Task objective -
Exact copies of the lines below are the goal; any images in them are dropped.

Data shown -
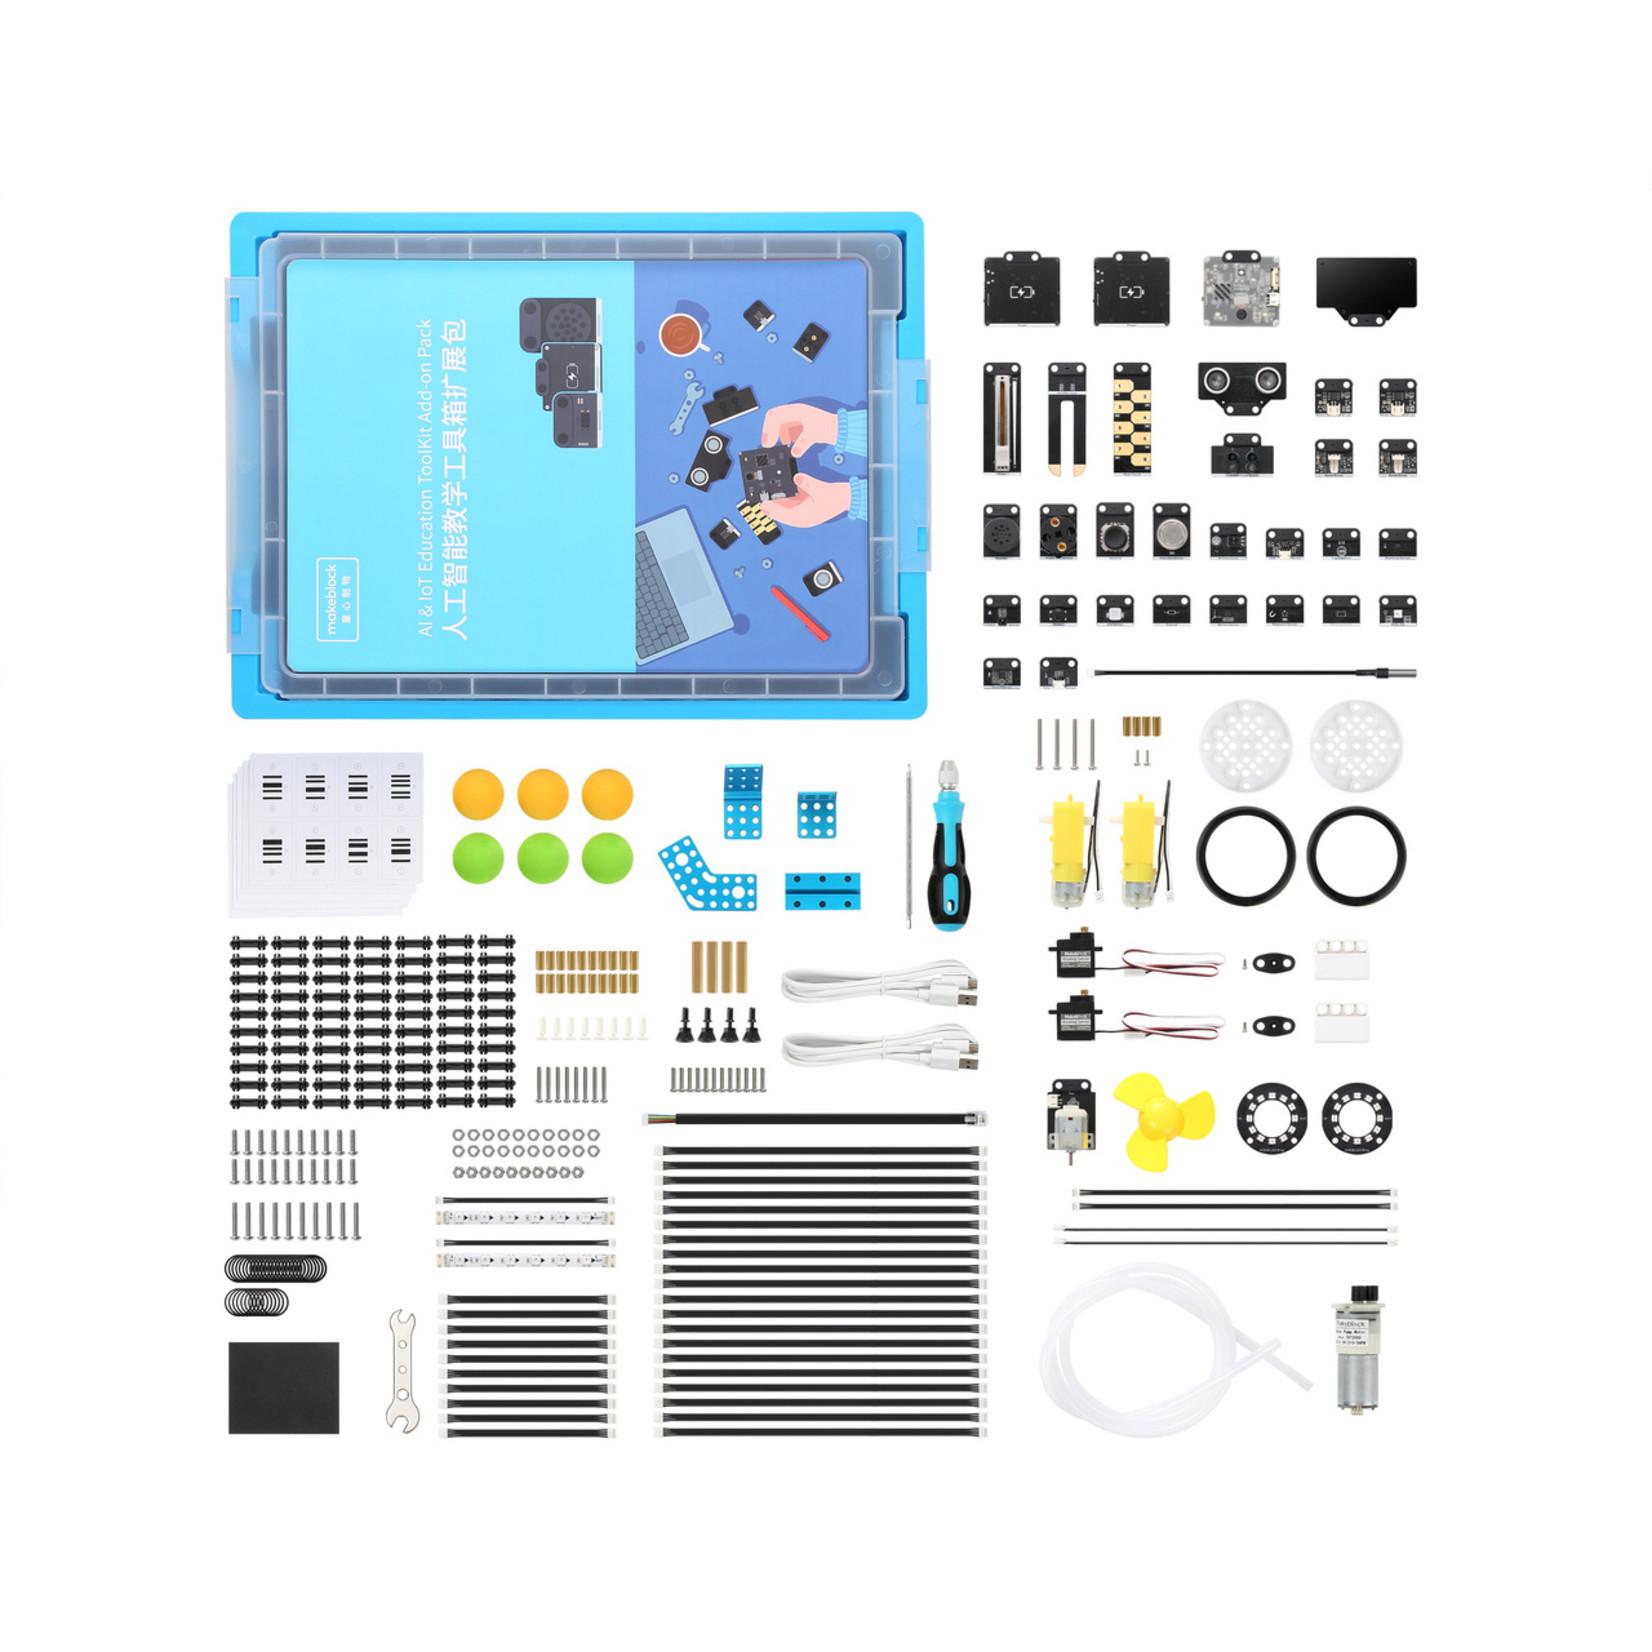 makeblock AI & IoT Education Toolkit Add-on Pack
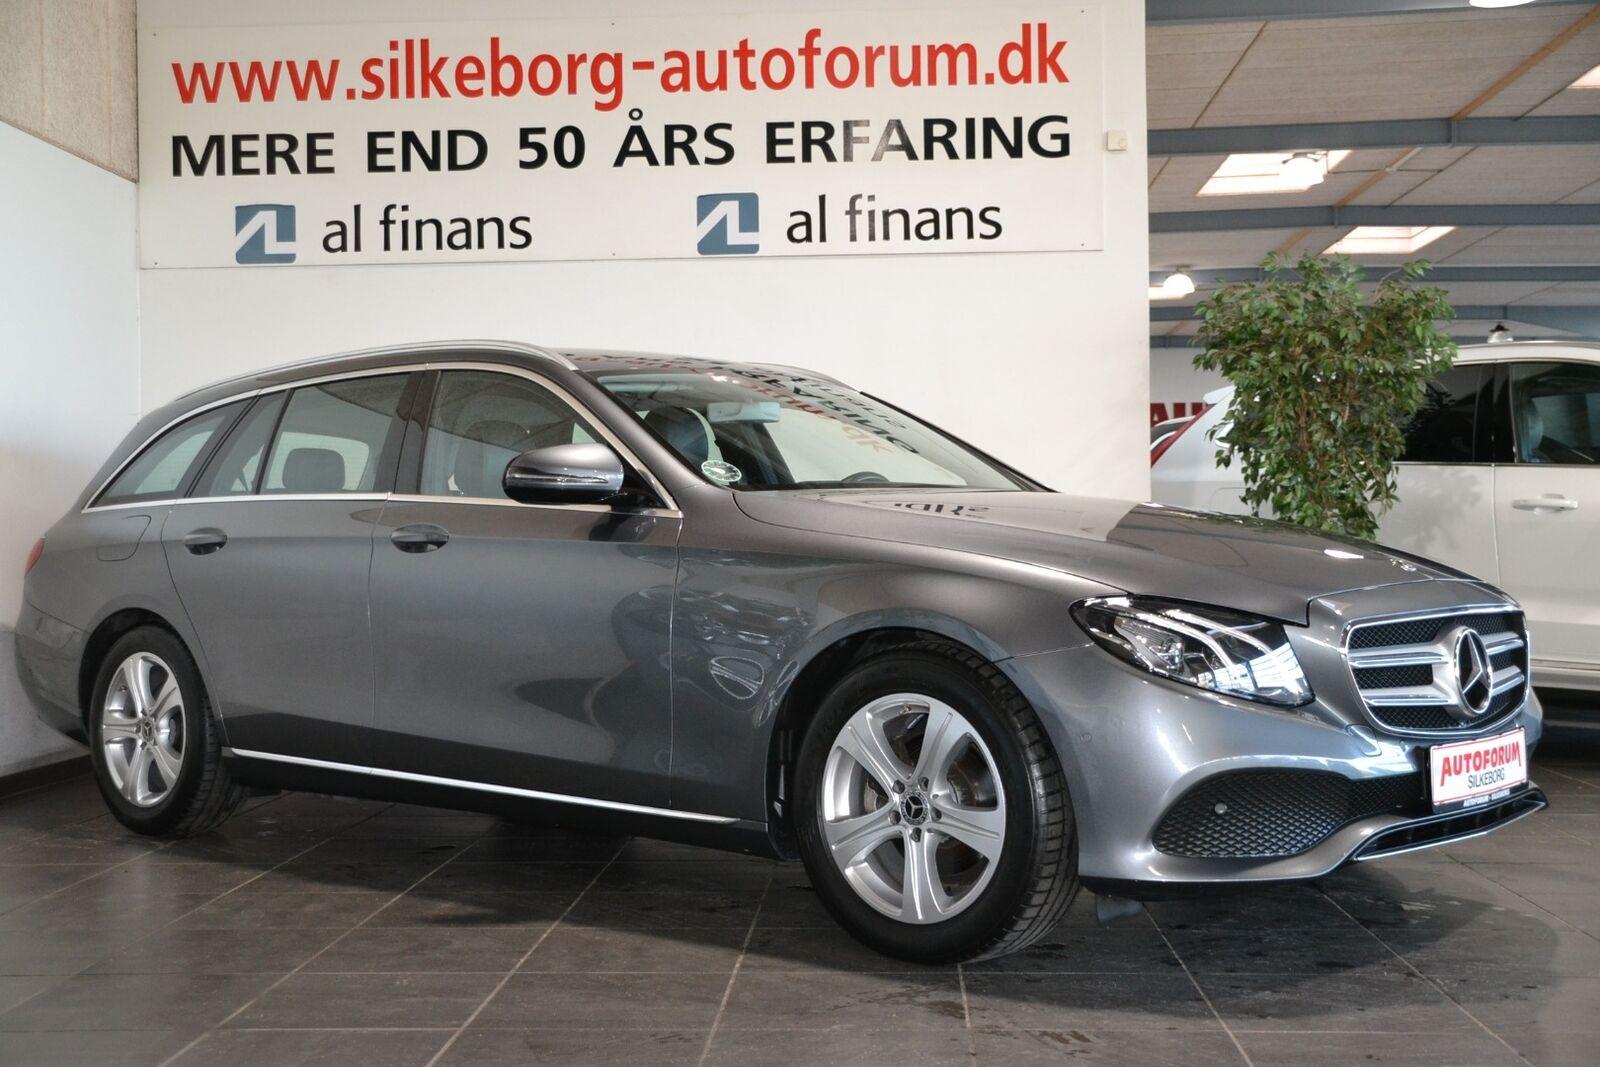 Mercedes E220 d 2,0 Avantgarde stc. aut. 5d - 419.900 kr.
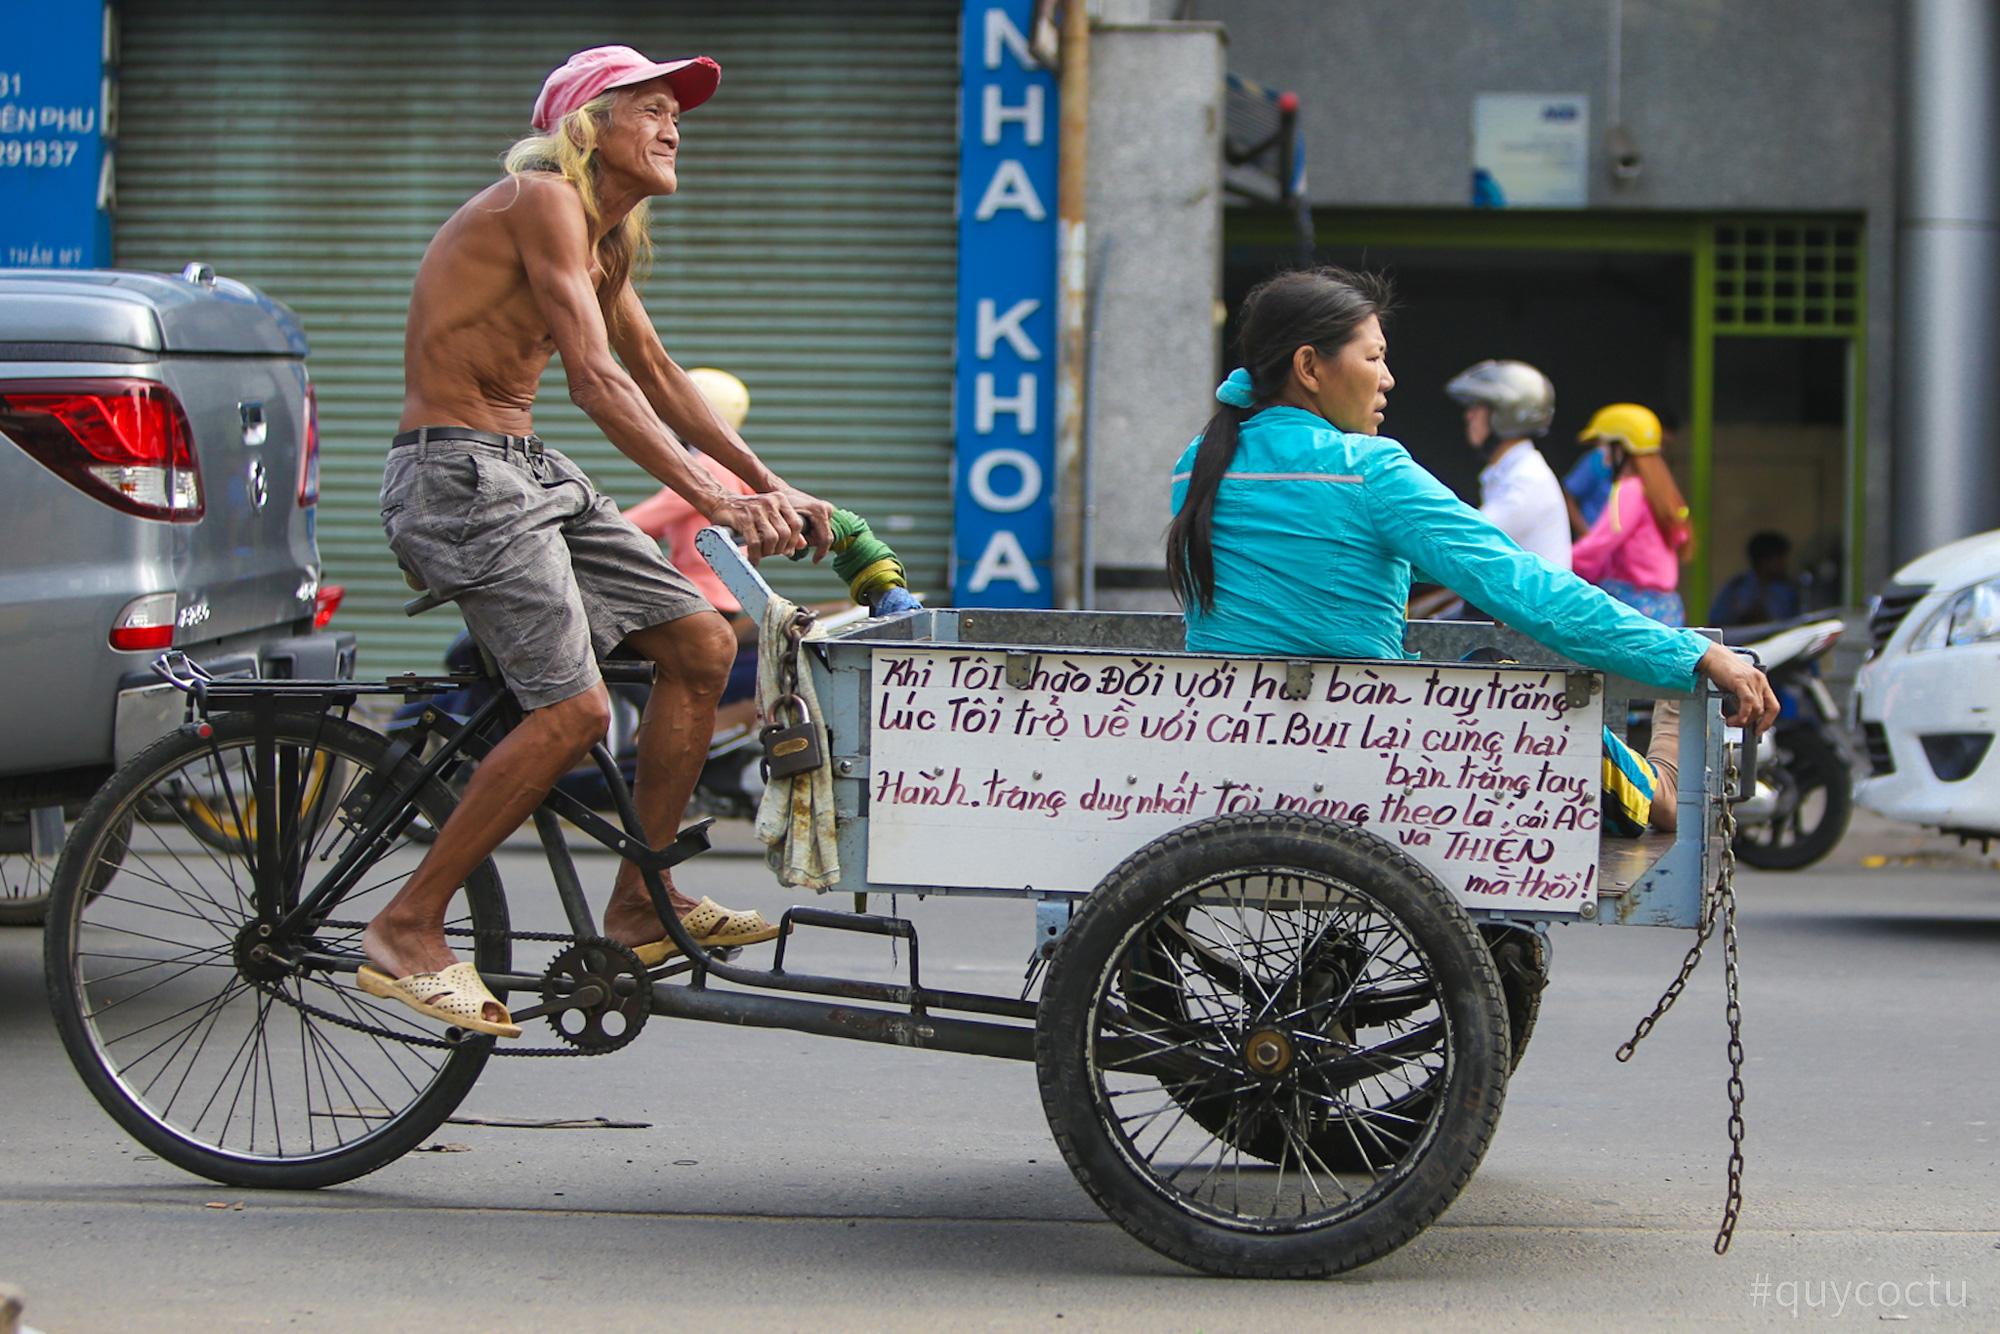 Dạo quanh TP Hồ Chí Minh cùng bloger du lịch nổi tiếng - Ảnh 12.

Answer box -
 makeblock AI & IoT Education Toolkit Add-on Pack
 Mercedes E220 d 2,0 Avantgarde stc. aut. 5d - 419.900 kr.
 Dạo quanh TP Hồ Chí Minh cùng bloger du lịch nổi tiếng - Ảnh 12.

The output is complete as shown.